1). Create an interdisciplinary team

Your team needs a diversity of skills to truly explore almost any design space. That’s because few people have the breadth and depth of knowledge across all relevant disciplines to assess what’s possible. In addition, the process of brainstorming, if properly fostered, generates new ideas and acceptance by the team of the resulting design path (by virtue of their shared experience of brainstorming).

2). Reward the team for substantially improved designs

The goal is radical improvement, not incremental changes, and the best way to achieve this result is to pay for what you want. This sounds like a commonsense notion, but that’s often not how things are done. For example, engineers designing the heating and cooling systems in commercial buildings are usually paid as a percentage of the capital cost of the system they install, so it’s no wonder they don’t undertake whole system redesigns that would reduce capital costs.  So reward the team for game-changing innovation in whatever ways your pocketbook allows.

3). Start with a clean sheet

While learning from past efforts is helpful, radically improved designs always start with a clean sheet. That’s partly because rapid technology change has opened up previously unknown opportunities, but also because old designs embody old assumptions, and those often no longer hold. I show in the book how even talented people create artificial obstacles to accomplishing big goals, and starting fresh can allow you to sidestep that tendency.

4). Rely on measured data

Baseline values for current products as well as for accomplishing the defined task need to be based on measured data, not on assumptions or rules of thumb. That’s because only measured data conveys the current reality, while rules of thumb are based on history, and because of the rapid pace of change discussed earlier in this chapter, history is becoming less and less relevant to what is possible today.

5). Go for multiple benefits

When designing a product, each component should (to the extent possible) serve multiple benefits, to minimize costs and maximize reliability. This lesson is also true for the product itself. Efficiency or low emissions by themselves won’t sell products to the vast majority of consumers, but pairing those improvements with other benefits is the best way to ensure that low-carbon innovations are widely adopted. That means that products need to reduce emissions, save money, and make people’s lives better all at the same time. That often means saving time, which turns out to be one of the most valuable scarce resources we have in our busy modern lives (see my third essay for more details).

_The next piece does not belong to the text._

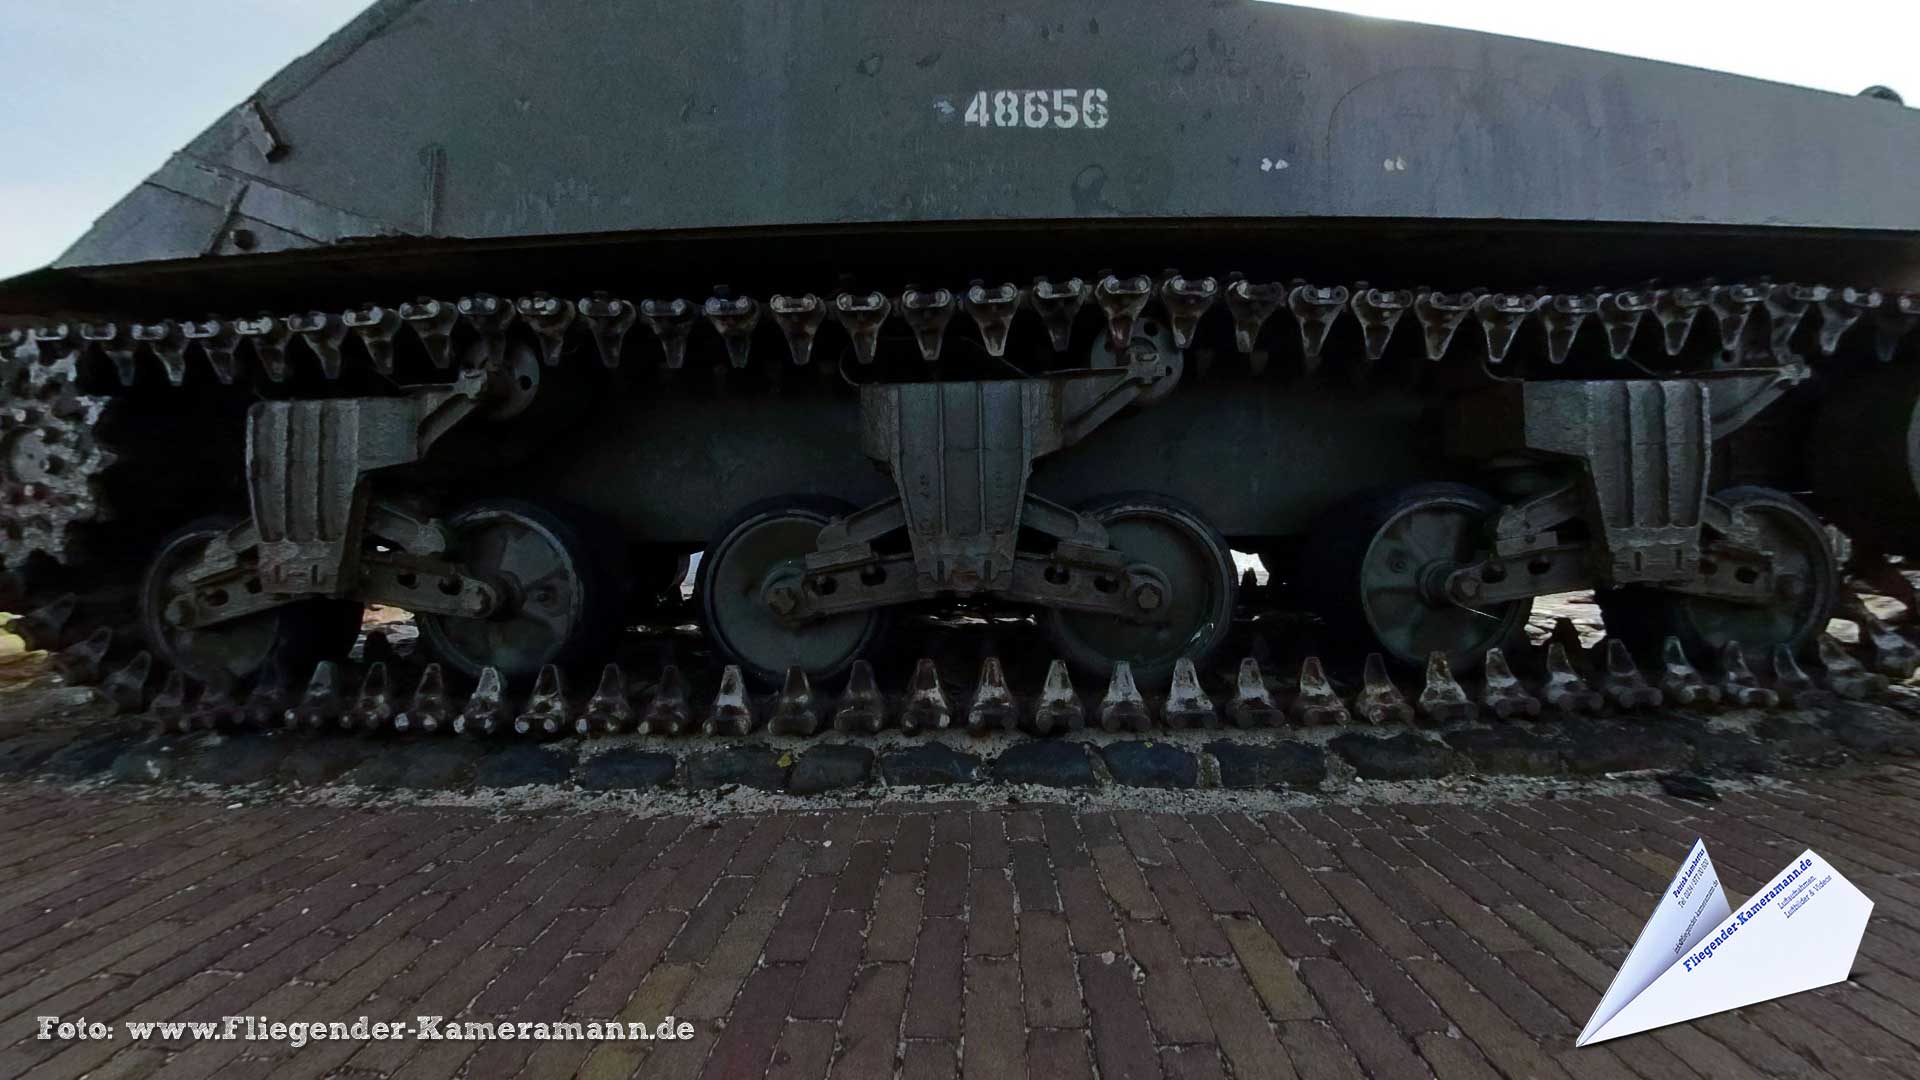 Tank in het Oorlogsmuseum "Polderhuis" in Westkapelle (NL) - 360°-Panorama

6). Incorporate feedback into the design

That means use of smart controls to make equipment operation more effective and data collection to improve both current operations and future products. With the advent of ever more efficient computing technologies, we’ll be better able to incorporate such innovations into most future products, with corresponding increases in efficiency, reductions in emissions, and improvements in meeting human needs.

7). Accept and foster a non-linear design process

Another important feature of true integrated design is that it is anything but linear, and that’s all to the good. It’s almost impossible to anticipate everything in advance, and the process of design creates new insights that would never arise without the inevitable false starts. For example, until you actually see a working prototype you can’t really know whether it’s what you want, as the team creating the first iPhone discovered as they neared the product launch.

Conclusions

The most important lesson from the whole systems design literature is that conventional incremental design practices are both pervasive and pernicious.   They leave real money on the table and slow the adoption of current technologies that could substantially reduce emissions.  Don’t let this happen to you!  Go for game changing innovation, and the climate (and your pocketbook) will be the better for it.